Work task:
Scan the lines below for the string "weighing" and copy every one that has it.

The data:
#####

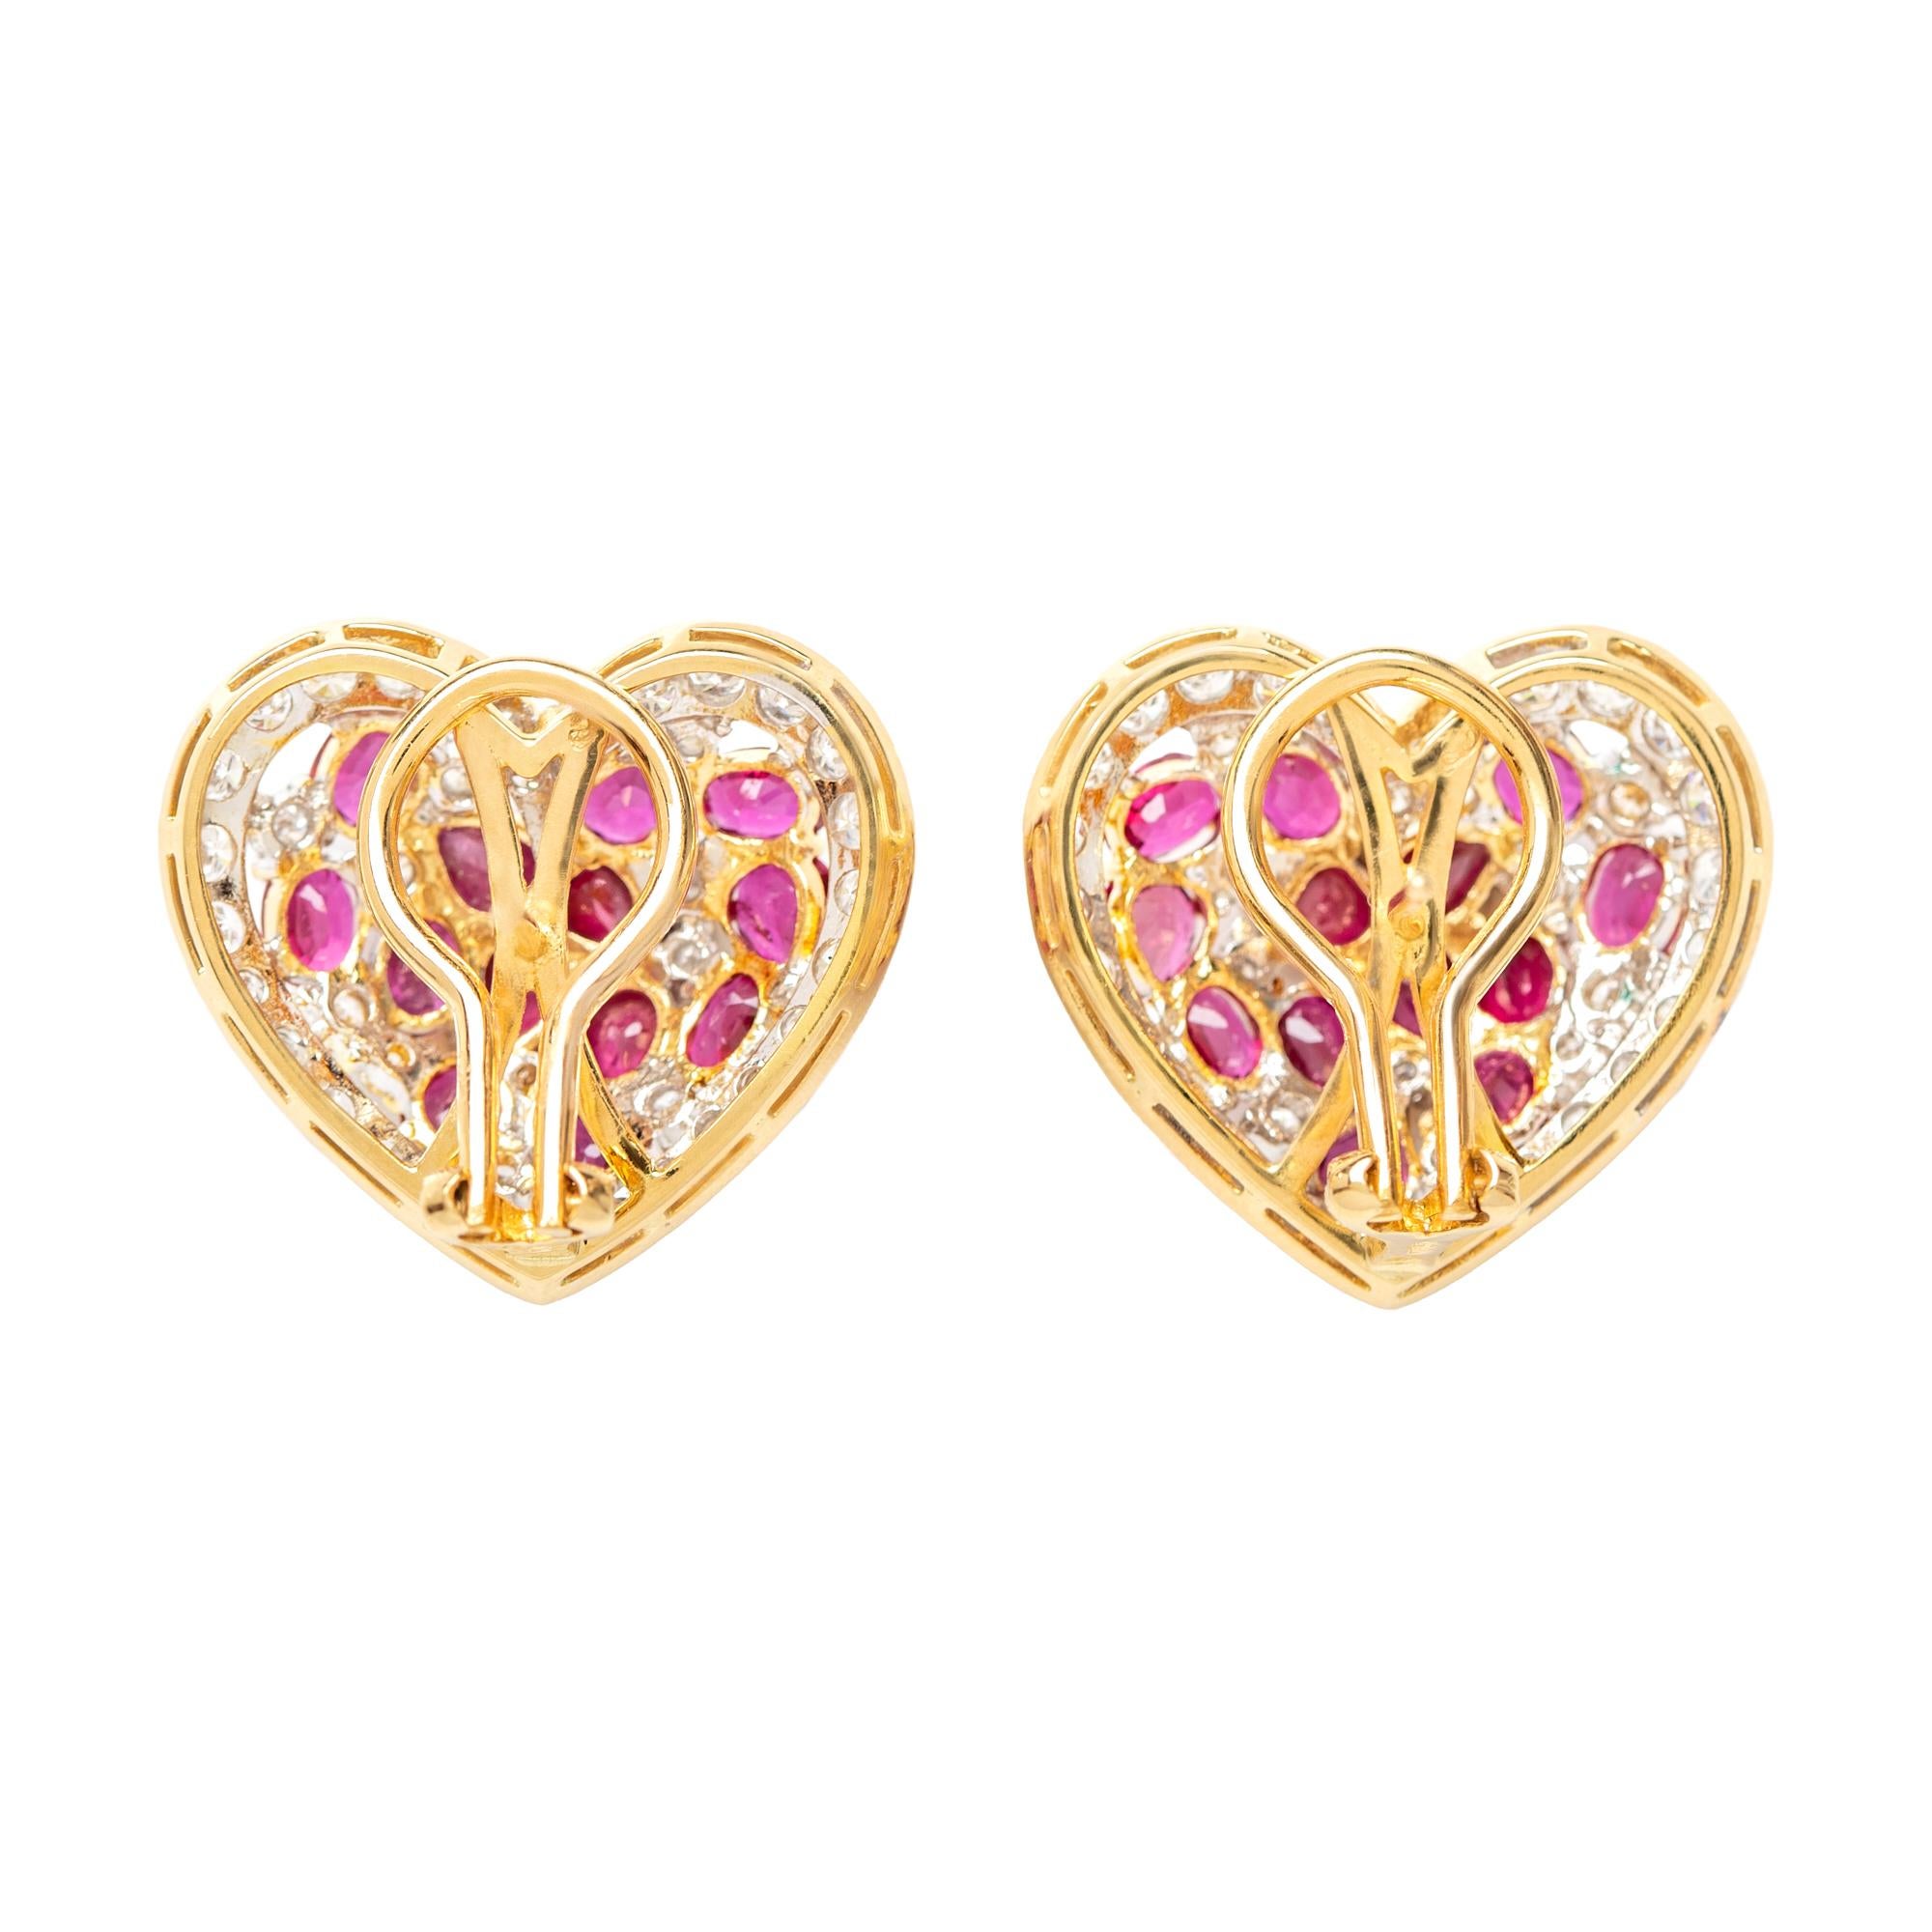 Heart-shaped ear clips are set with oval and pear-shaped ruby clusters accented by round brilliant-cut diamond surrounds. 

26 pear and oval cut rubies weighing a total of approximately 7.30 carats
82 full-cut diamonds weighing a total of

#####

Answer to the exercise:
26 pear and oval cut rubies weighing a total of approximately 7.30 carats
82 full-cut diamonds weighing a total of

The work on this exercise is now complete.